Oxidative Stress Can Be Attenuated by 4-PBA Caused by High-Fat or Ammonia Nitrogen in Cultured Spotted Seabass: The Mechanism Is Related to Endoplasmic Reticulum Stress

• Published in: Antioxidants Vol. 11; no. 7; p. 1276
• Main Authors: Dong, Yanzou, Li, Lei, Xia, Tian, Wang, Lina, Xiao, Liping, Ding, Nengshui, Wu, Youlin, Lu, Kangle
• Format: Journal Article
• Language: English
• Published: Switzerland MDPI AG 28.06.2022; MDPI
• Subjects: 4-phenylbutyric acid; Ammonia; ammonia nitrogen exposure; Aquaculture; Aquatic animals; Diet; Dietary supplements; Endoplasmic reticulum; endoplasmic reticulum stress; Environmental factors; Experiments; Fish-culture; Gene expression; Health aspects; High fat diet; Lipid peroxidation; Liver; Methods; Nitrogen; Oxidative stress; Proteins; Statistical analysis; Ultrastructure; China; United States > US; ammonia nitrogen exposure; 4-phenylbutyric acid; endoplasmic reticulum stress; oxidative stress; high-fat diet
• ISSN: 2076-3921; 2076-3921
• DOI: 10.3390/antiox11071276

Oxidative stress is a common phenomenon in aquaculture, which can be induced by nutritional or environmental factors.

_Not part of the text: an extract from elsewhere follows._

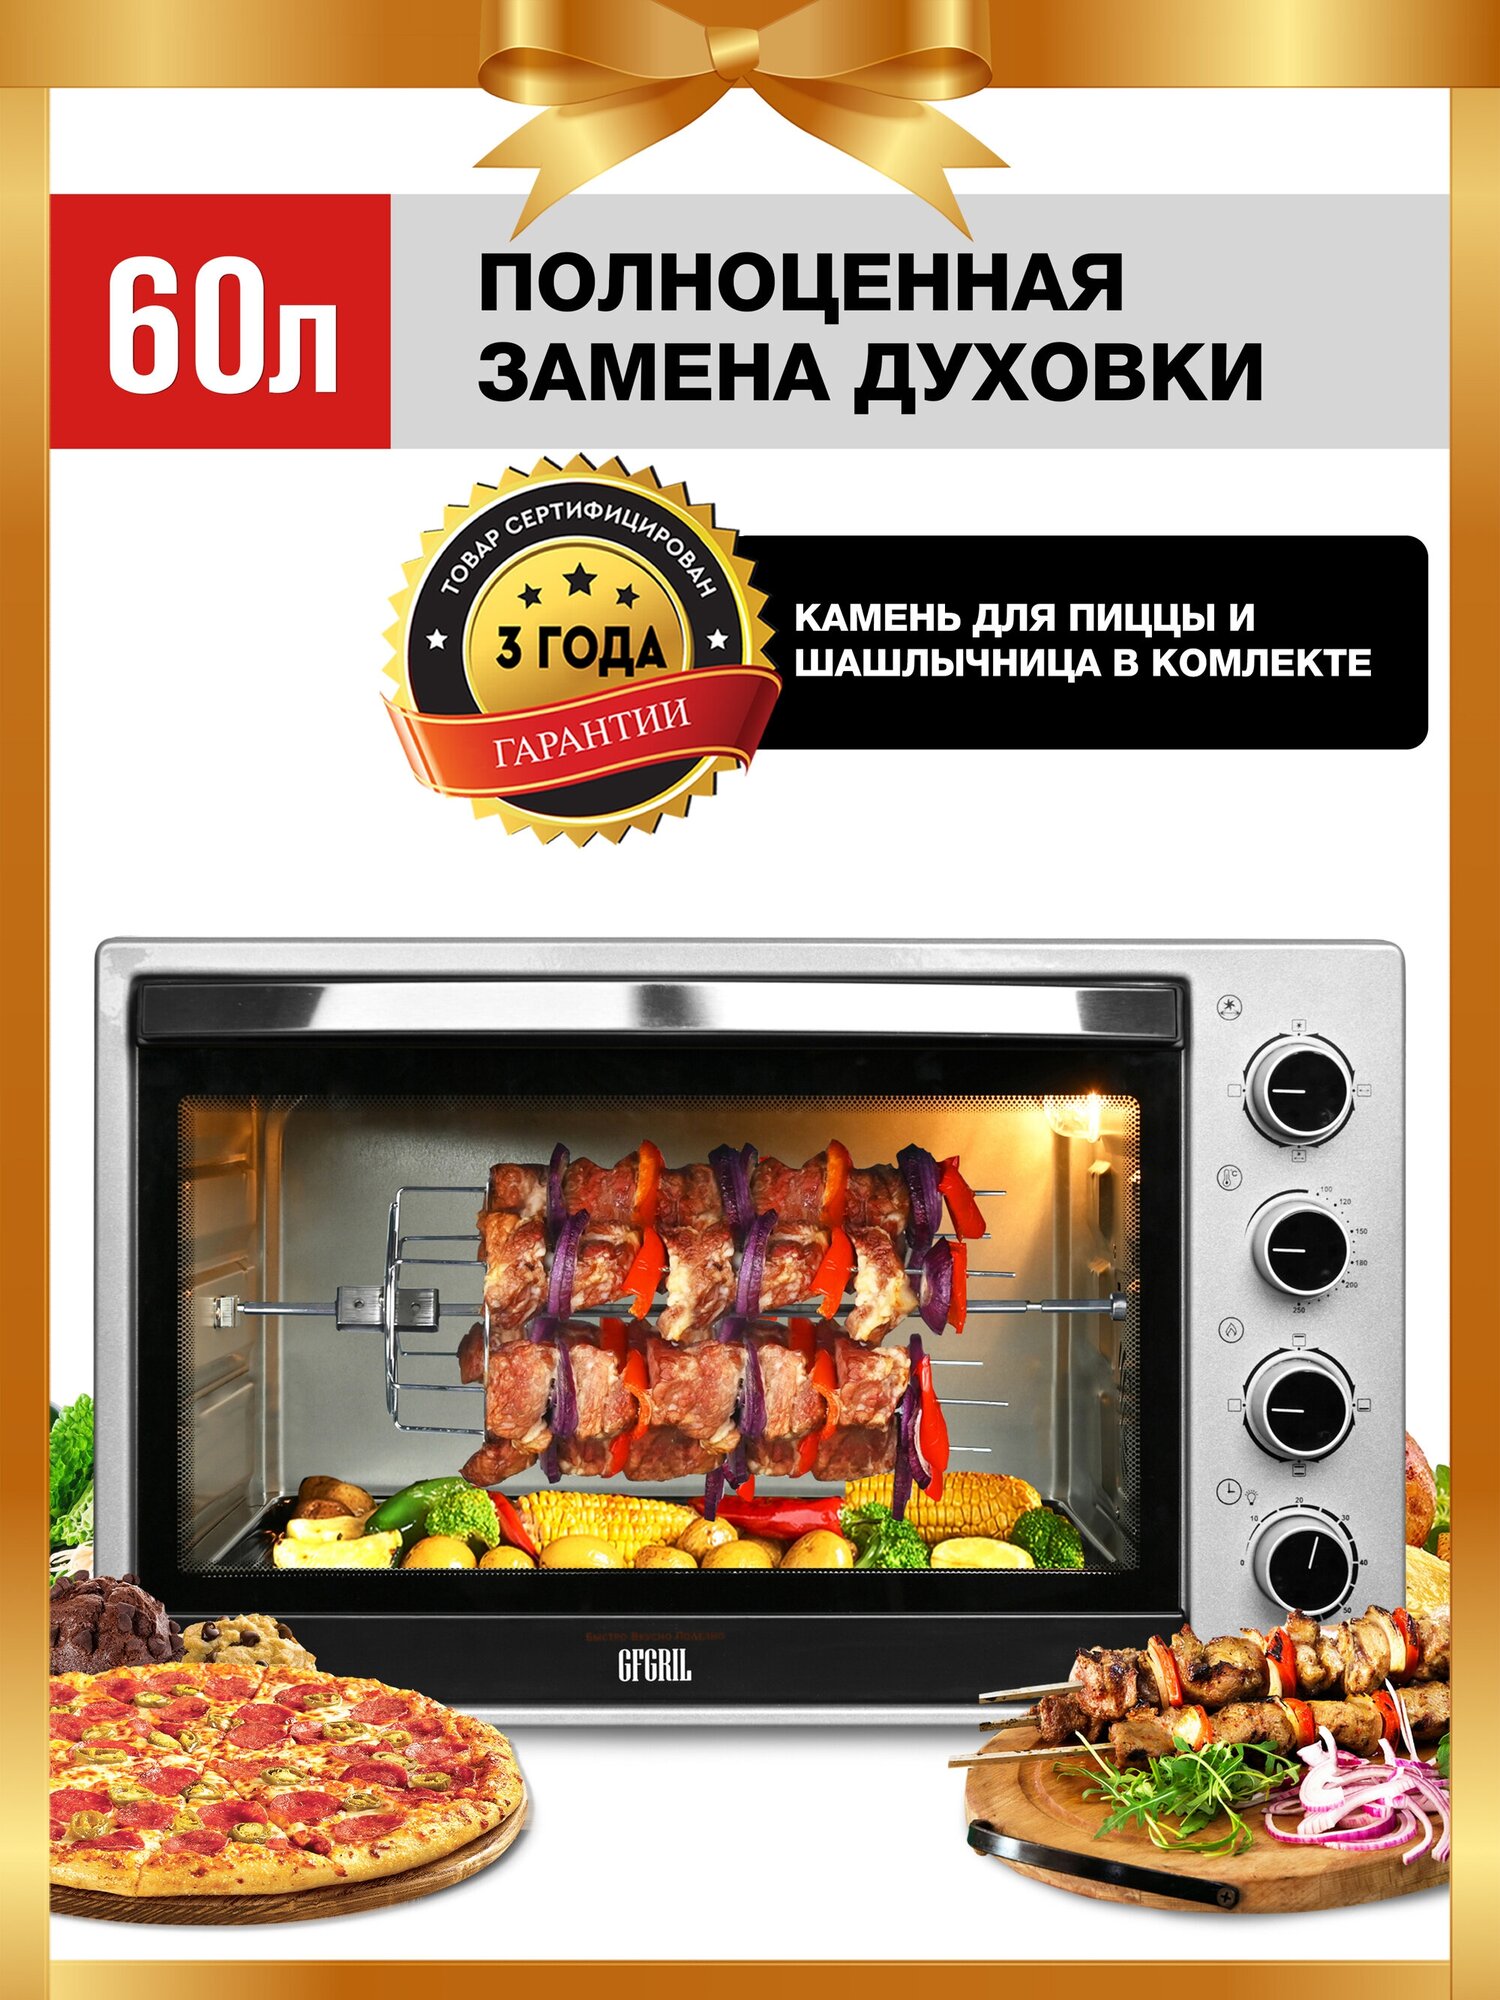 GFGRIL духовой шкаф GFO-60, электрическая печь объемом 60л, мини печь с конвекцией, гриль — купить в интернет-магазине по низкой цене на Яндекс Маркете

Generally, oxidative stress causes poor growth performance, metabolic dysregulation, and even the death of aquatic animals. To identify a nutritional intervention strategy, high-fat diet (HFD) feeding (Experiment I) and acute ammonia nitrogen challenge (Experiment II) tests were carried out. In Experiment I, HFD feeding significantly decreased the growth performance concomitantly with excessive fat deposition in the liver and abdomen. The addition of 4-PBA in the diet improved the excessive fat accumulation. The activities of antioxidative enzymes were suppressed, and the levels of lipid and protein peroxidation were increased, indicating that HFD feeding induced oxidative stress. The endoplasmic reticulum stress (ERs) related genes were downregulated in the HFD group. Under a transmission electron microscope (TEM), more swollen and dilated ER lumen could be observed. These results indicated that the HFD induced ERs activation. Although 4-PBA acted as a potent ERs inhibitor, as evidenced by the alleviated alterations of ERs molecules and the ER ultrastructure, the oxidative stress was also attenuated by 4-PBA. In Experiment II, dietary 4-PBA improved the tolerance to the acute ammonia nitrogen challenge, as lower mortality and serum aminotransferase activity was found. Further results showed that 4-PBA decreased the peroxidation content and attenuated ERs, thus confirming the correlation between oxidative stress and ERs. Our findings showed that dietary 4-PBA supplementation can attenuate oxidative stress induced by a HFD or acute ammonia challenge; the mechanism is related to its potent inhibition effect for ERs.